Alfred Harold Chesser (February 26, 1914 - September 25, 2016) was an American labor union leader.

Born on a farm near Sedalia, Missouri, Chesser grew up in Hughesville, Missouri, then back in Sedalia. He became a traveling salesman for American Disinfecting, and after a year as a clerk, moved to Wichita, Kansas to become a grocery store manager. In 1941, he became a brakeman on the Atchison, Topeka and Santa Fe Railway, and he soon moved to Amarillo, Texas.

Chesser joined the Brotherhood of Railroad Trainmen, and in 1945 was elected as secretary-treasurer of his local. In 1952, he was elected as secretary of the union's Texas legislative board, and then in 1956 as the board's full-time chair. He moved to Washington, D.C. in 1962 when he became the union's national legislative director.

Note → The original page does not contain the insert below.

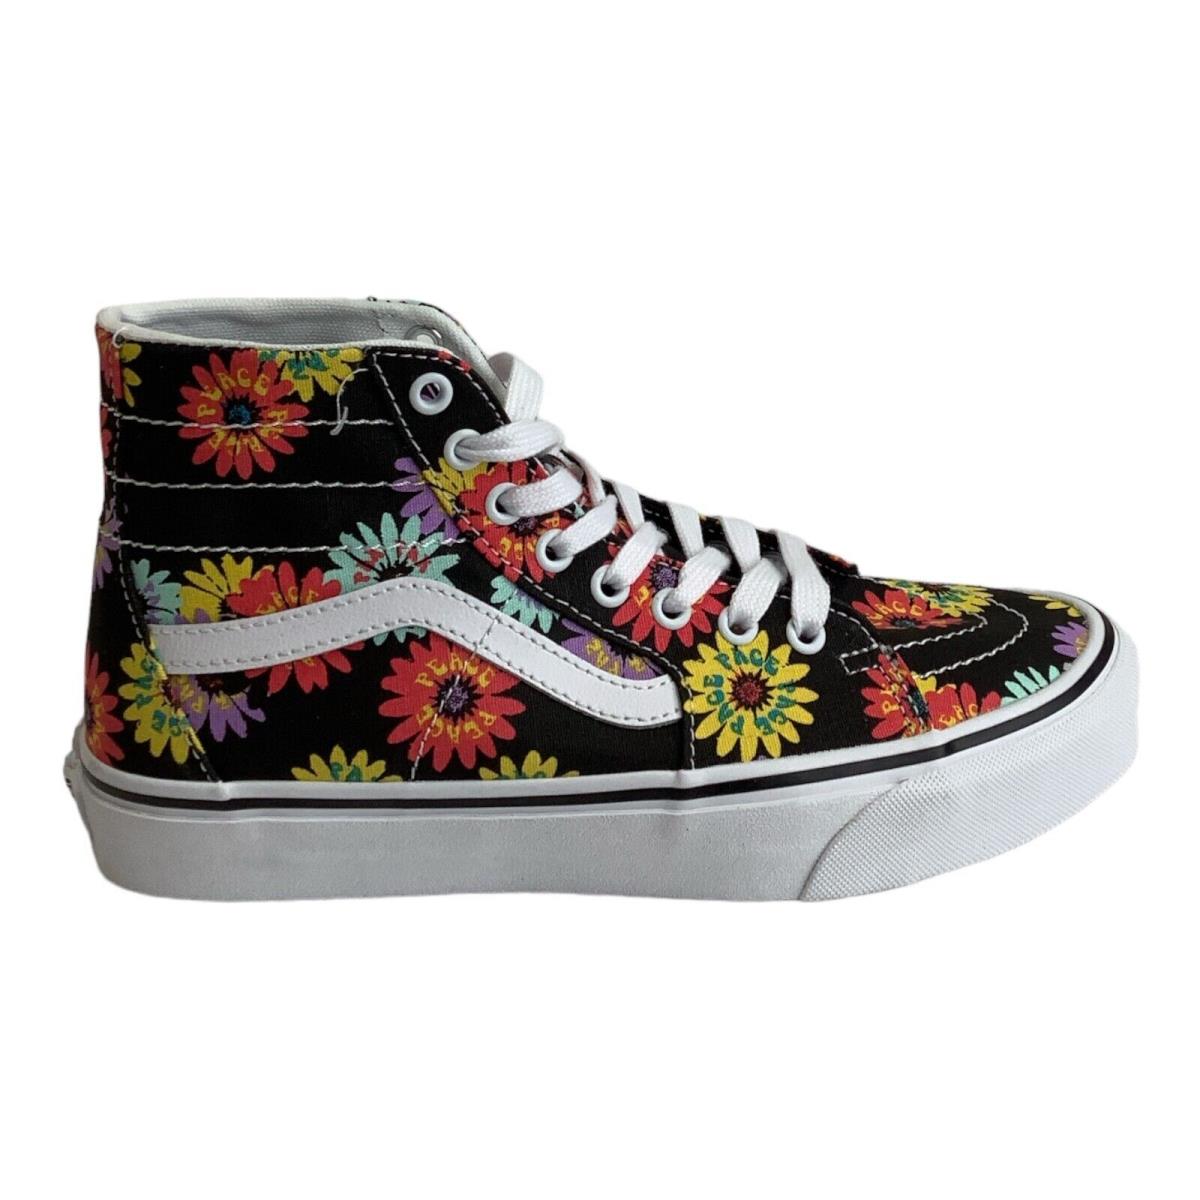 Vans Sk8-Hi Tapered Skating Shoes High Top Peace Floral M 7.5 W 9 EU 40 - White

The union merged into the new United Transportation Union (UTU) in 1968, with Chesser retaining his role. He was elected as president of the union in 1972, also become a vice-president of the AFL-CIO, and chair of the Congress of Railway Unions.

As leader of the UTU, Chesser championed safety legislation, and the formation of Conrail. He retired in 1979, becoming president emeritus of the union, and advising on workplace safety and legislative representation. In 2001, he received the Eugene V. Debs Award.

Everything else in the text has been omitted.